SD-IRA Tax Compliance is Worth the Investment

Preface: SD-IRAs are a complex taxation field. Appropriate compliance and risk mitigation begins with an awareness that tax risks exists. This blog is help you be aware of the facts about SD-IRA’s and prevent taxing mistakes.

SD-IRA Tax Compliance is Worth the Investment

Are you a vanguard retirement investor with a self-directed IRA (SD-IRA)? It’s like buying a car, you’re advised to shop wisely, and opinions and options vary. SD-IRAS are not a new investment feature. They’ve been in existence for years. Yet, popularity is now increasing, and along with that growing optimism on the vanguard retirement investing option, is a need to understand tax compliance, and non-compliance tax risks.

The facts are that less than 50% of SD-IRA investors properly handle legal and tax compliance issues. More concerning, is the fact, that many of the investors are oblivious that problems even exist. If your retirement funds are in an SD-IRA make sure you’ve invested in the proper advice to get and stay in compliance with tax laws. A prohibited transaction can invalidate the IRA and tax penalties can reach 100%. Ideally, you should understand the tax risks before investing. Let’s look at two hypothetical working examples to begin to paint the picture of what the tax risks look like.

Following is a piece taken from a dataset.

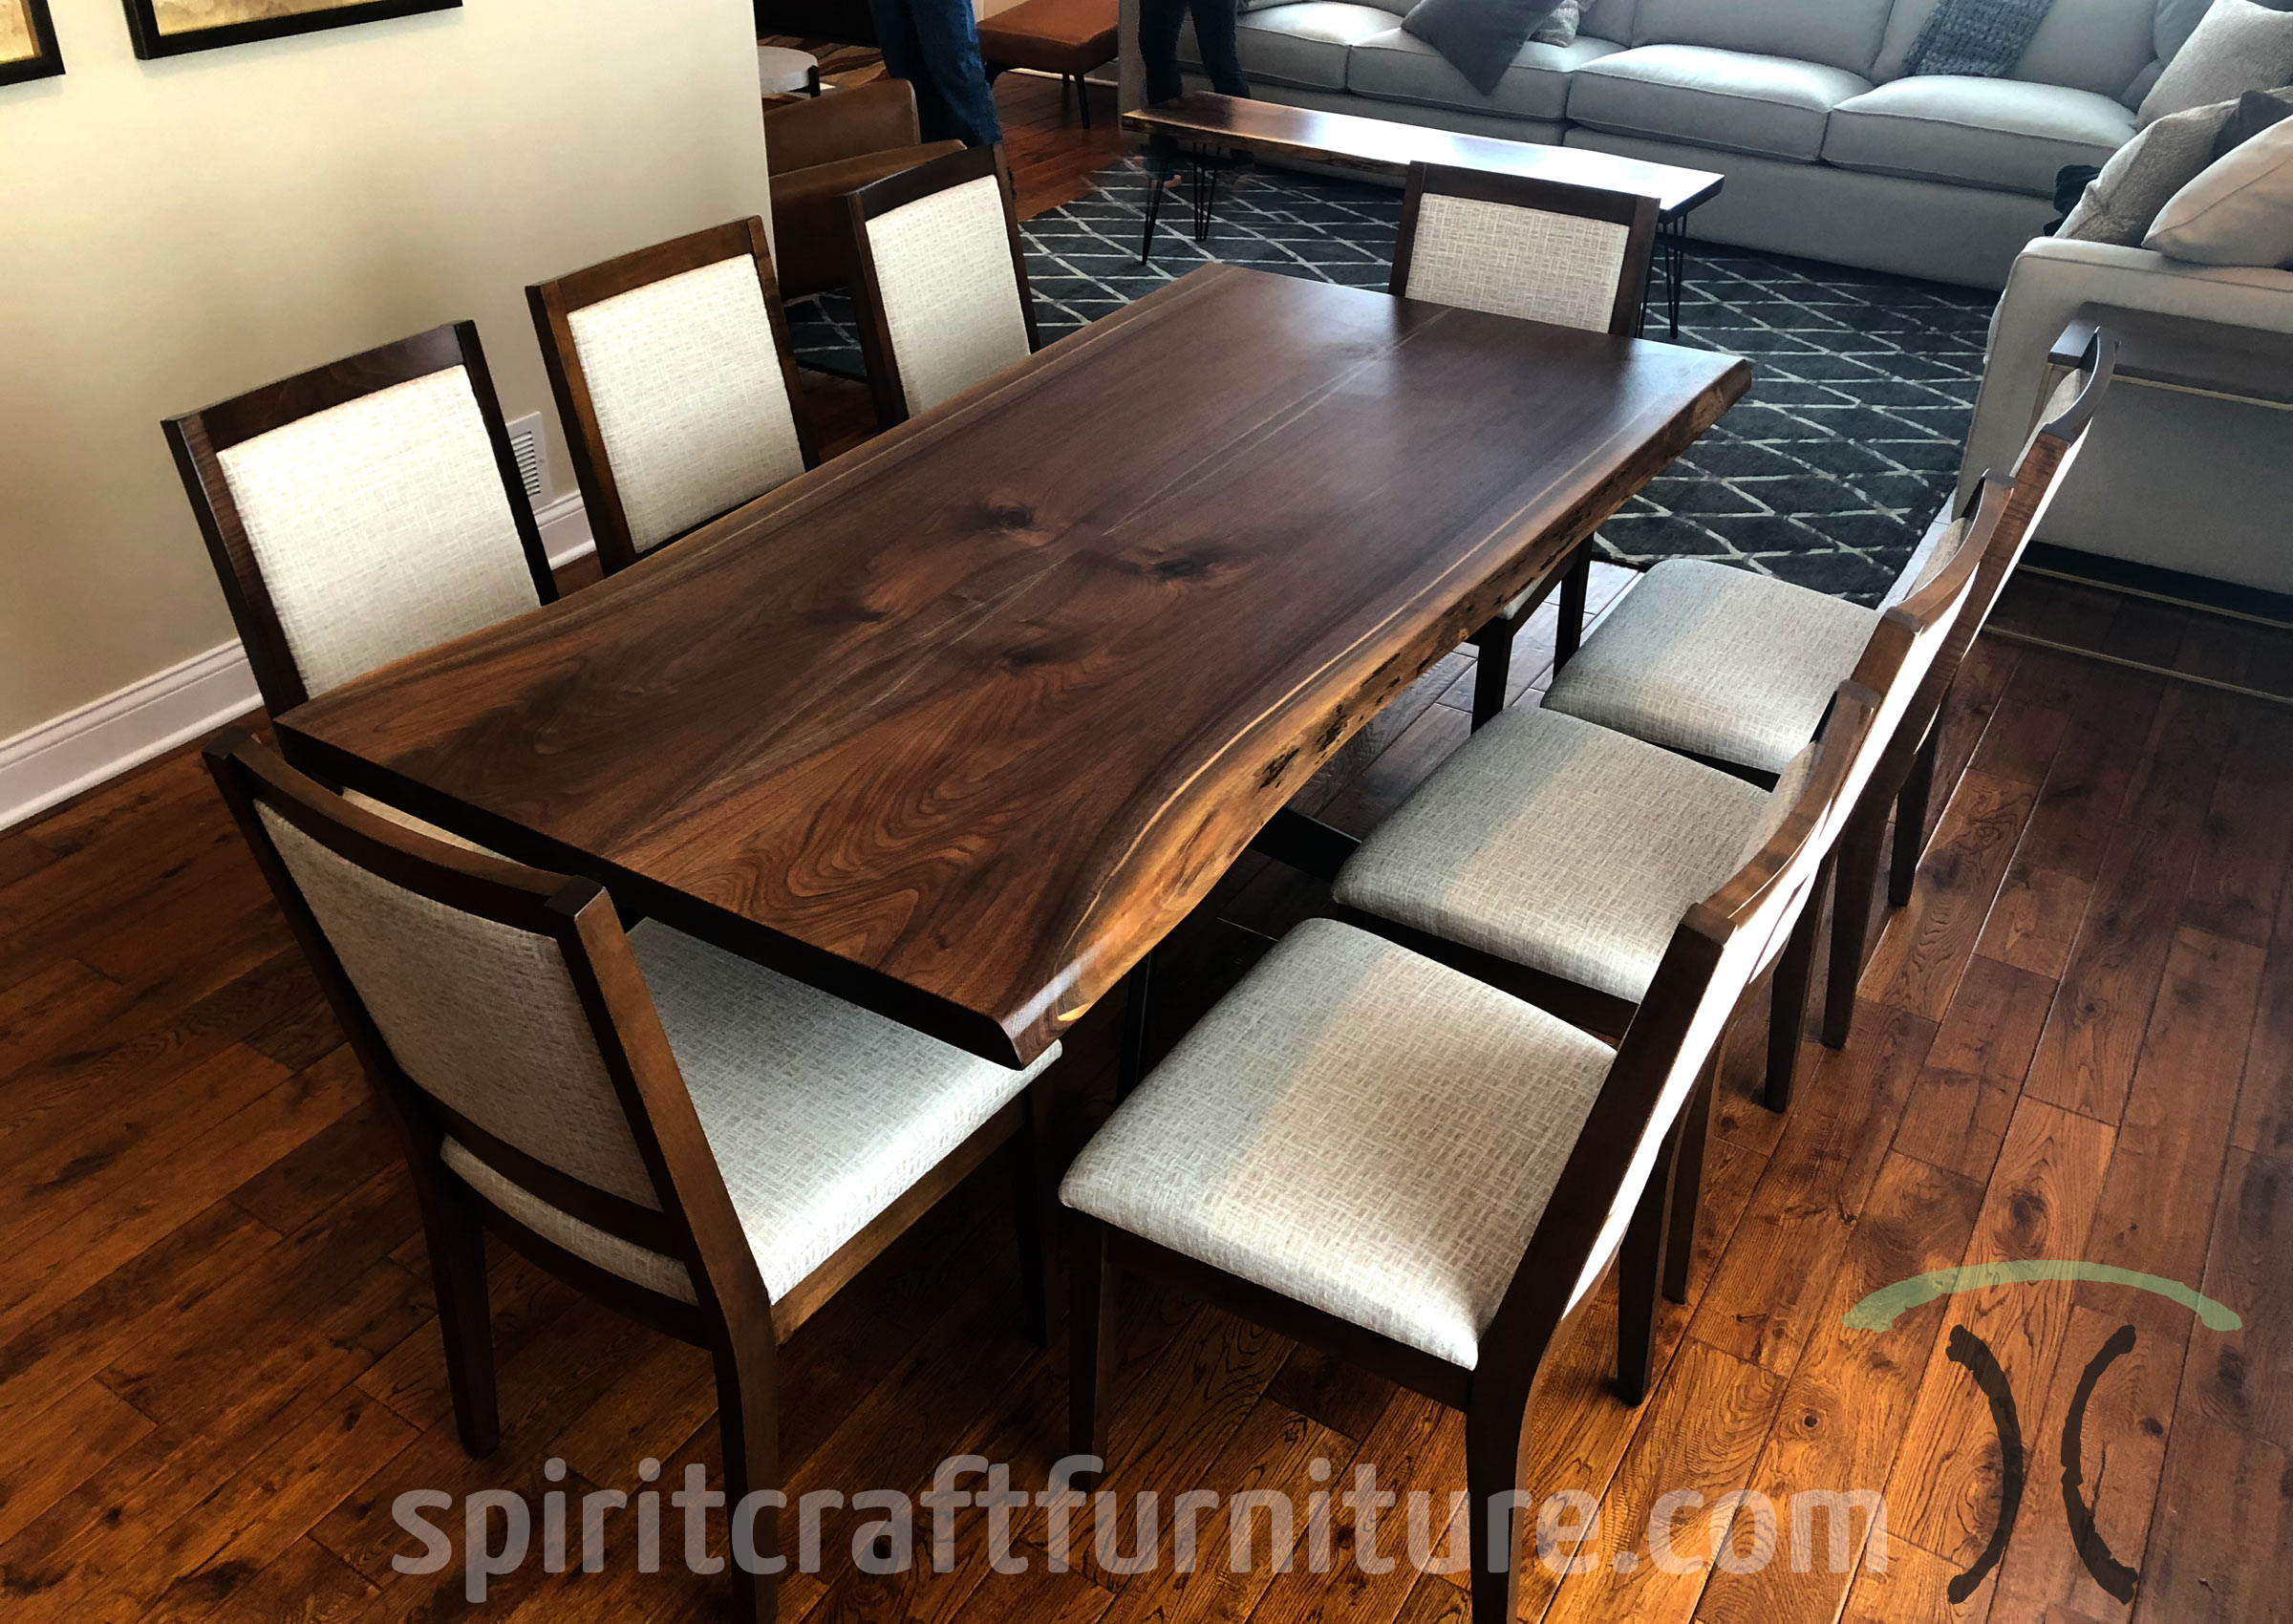 Live Edge Dining Tables Custom, Unfinished Wood Dining Room Table And Chairs

Ulrich and Louisa’s SD-IRA will be our first hypothetical risk assessment working example. Ulrich and Louisa saved up $80,000 in a traditional IRA before Ulrich heard how he could transfer the funds into a SD-IRA and invest in commercial real estate. He and several friends pooled their funds and bought a $1,525,000 commercial office complex, with a $700,000 loan from the local bank. Soon they were earning 15% on their money with 15 year triple net lease tenants, and looking for the next deal.

When sitting with the financial advisor one day, Ulrich and Louisa’s advisor suggested they check the compliance risks on the investments, namely the SD-IRA. He said the vanguard investment fields risk is often hidden to most. They listened to the advice. After contacting there CPA, they became aware that the personal guarantee on the SD-IRA bank loan was a prohibited transaction under IRC Section 4975. In addition, the CPA told them that a certain percentage of the rental income was subject to unrelated debt-financed income under IRC Section 514. This subject the SD-IRA investment to a 990-T filing and an imposed tax on the pro-rata SD-IRA earnings. Ulrich and Louisa were surprised to learn that the noncompliance tax risks would result in a likely tax penalty in excess of $100,000 on the SD-IRA assets.

Amos’s SD-IRA will our second hypothetical risk assessment working example. Amos was opposed to stock market investing with IRA and when he learned that he could invest in a furniture manufacturing business he did some online research and found an SD-IRA custodian online with the lowest rates, transferred his IRA, and invested $250,000 in Suites R Us, L3C. The first year was very successful. Soon Amos and his wife agreed that Amos should work daily at Suites R Us to help the business keep pace since it was so developing so successfully. When Amos filed his taxes that year, his IRA contribution was questioned by the CPA since Amos said he was investing in his own business, and saving on taxes too. The CPA said he might have a compliance risk. When they assessed the SD-IRA, Amos was surprised to learn that he was subject to unrelated business income tax and 990-T filing with his SD-IRA under IRC 514, and payment of appropriate taxes. He also discovered his employment in the business subject his SD-IRA investment to a prohibited transaction under IRC 4975. Combined this risk resulted in more than a 30% tax on the amounts involved, plus accuracy related penalties; or more than $97,000 in tax. 

These are only two hypothetical working examples on SD-IRA risks, but realistic. If you are thinking of leveraging a SD-IRA for your retirement assets, you’re advised to invest the time and resources to see to appropriate compliance. Appropriate compliance is simply understanding the complex SD-IRA tax laws and regulations and  compliance adherence. Often a tax expert, say either a CPA or attorney, can help you make sense of the tax risks.